Christian Bérard (20 August 1902 – 11 February 1949), also known as Bebè, was a French artist, fashion illustrator and designer.

Bérard and his lover Boris Kochno, who worked for the Ballets Russes and was also co-founder of the Ballets des Champs-Elysées, were one of the most prominent openly homosexual couples in French theater during the 1930s and 1940s.

==Early life==
Born in Paris in 1902, Bérard studied at the Lycée Janson de Sailly as a child. In 1920, he entered the Academie Ranson, where his style was influenced by Édouard Vuillard and Maurice Denis.

==Career==
Bérard showed his first exhibition in 1925, at the Gallery Pierre. From the start of his career, he had an interest in theatrical scenery and costume designs, and played an important role in the development of theatrical design in the 1930s and 1940s. In the early 1930s, Bérard worked with Jean-Michel Frank, painting screens, wood-work and drawing projects for carpets.

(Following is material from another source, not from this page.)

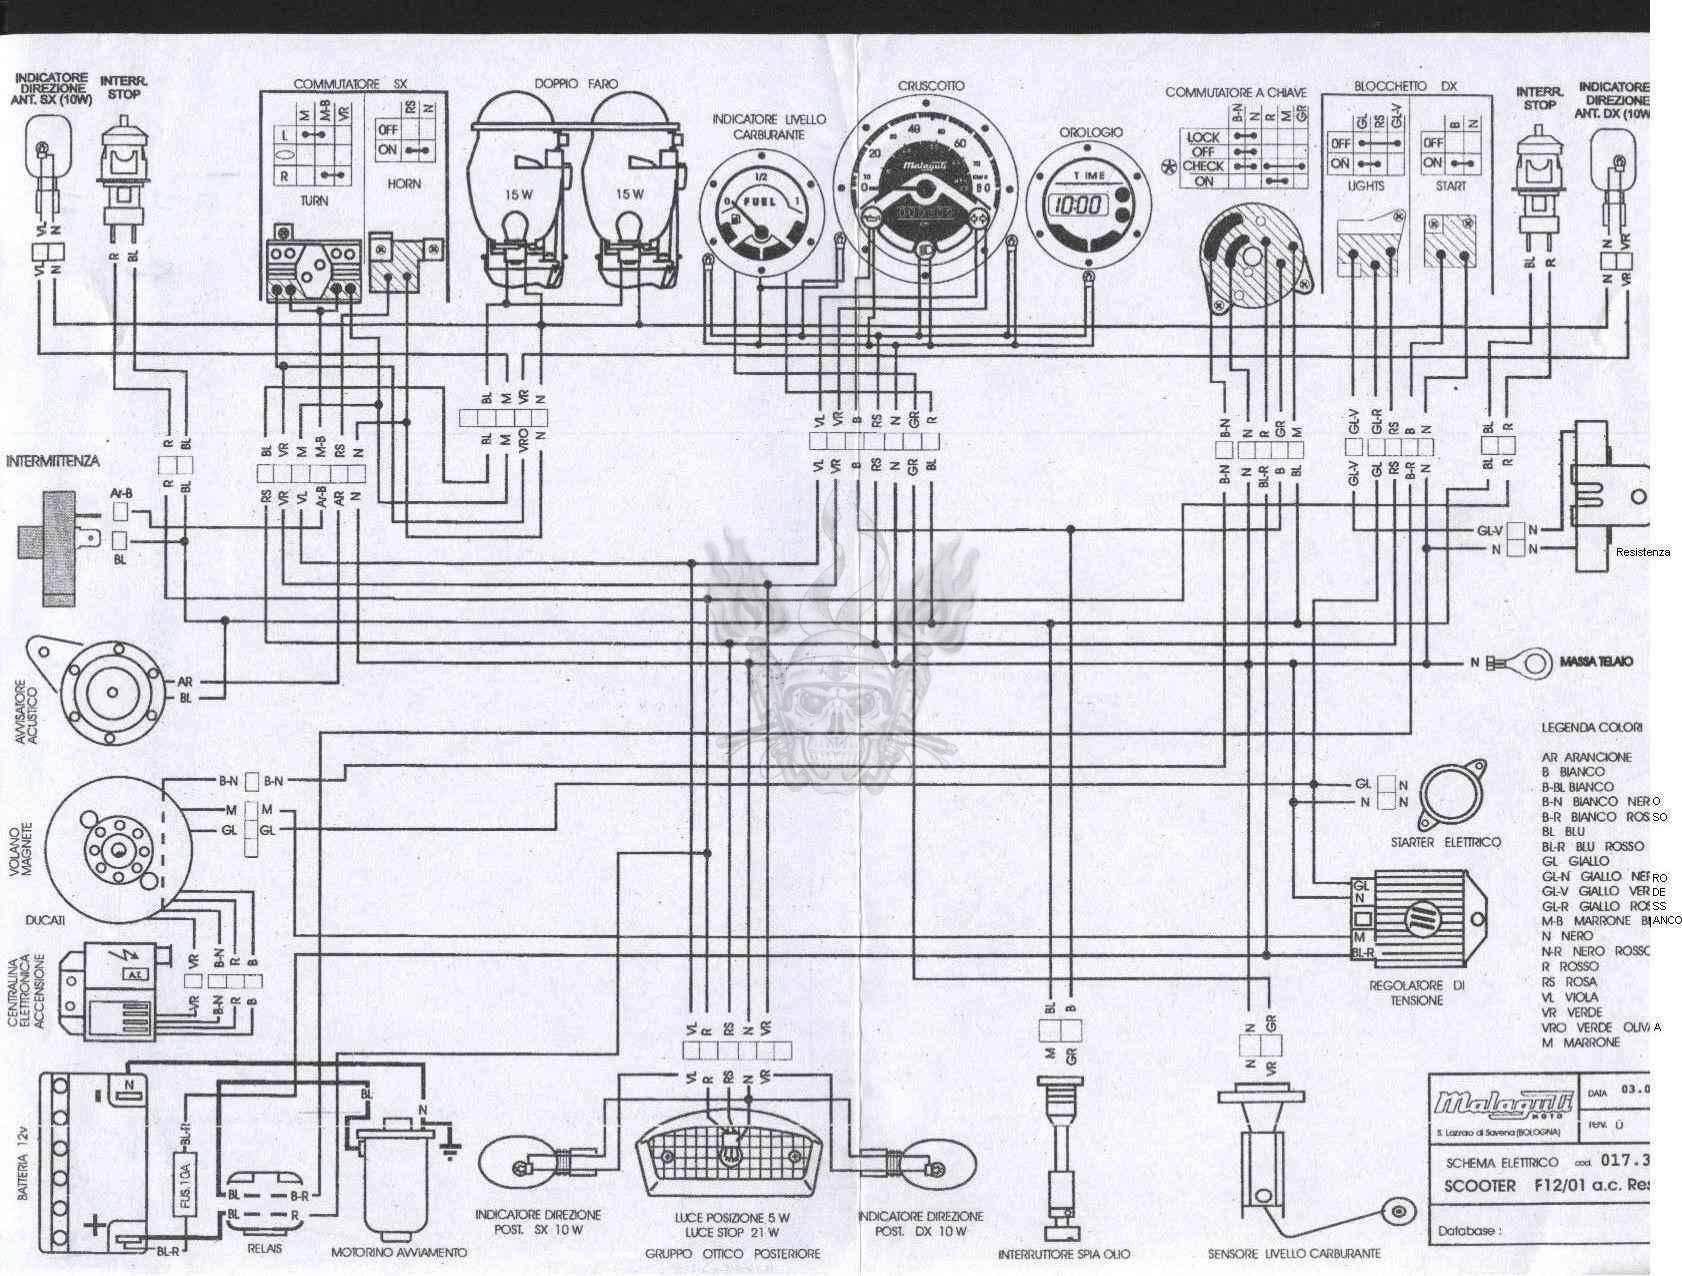 [DIAGRAM_5NL]  Jd 2520 Wiring Diagram - Engine Coolant Reservoir System Diagram for Wiring  Diagram Schematics | John Deere 2520 Wiring Diagram |  | Wiring Diagram Schematics

In 1935, his friend Solange d'Ayen helped Vogue magazine editor-in-chief Edna Woolman Chase persuade him to work for Vogue as a fashion illustrator.

He also worked as a fashion illustrator for Coco Chanel, Elsa Schiaparelli, and Nina Ricci. Bérard's most renowned achievement was probably his lustrous, magical designs for Jean Cocteau's film La Belle et la Bête (1946).

Bérard died suddenly from a heart attack on 11 February 1949, on the stage of the Théâtre Marigny. Francis Poulenc's Stabat Mater (1950) was composed in his memory, and Jean Cocteau dedicated his film Orphée (1950) to him.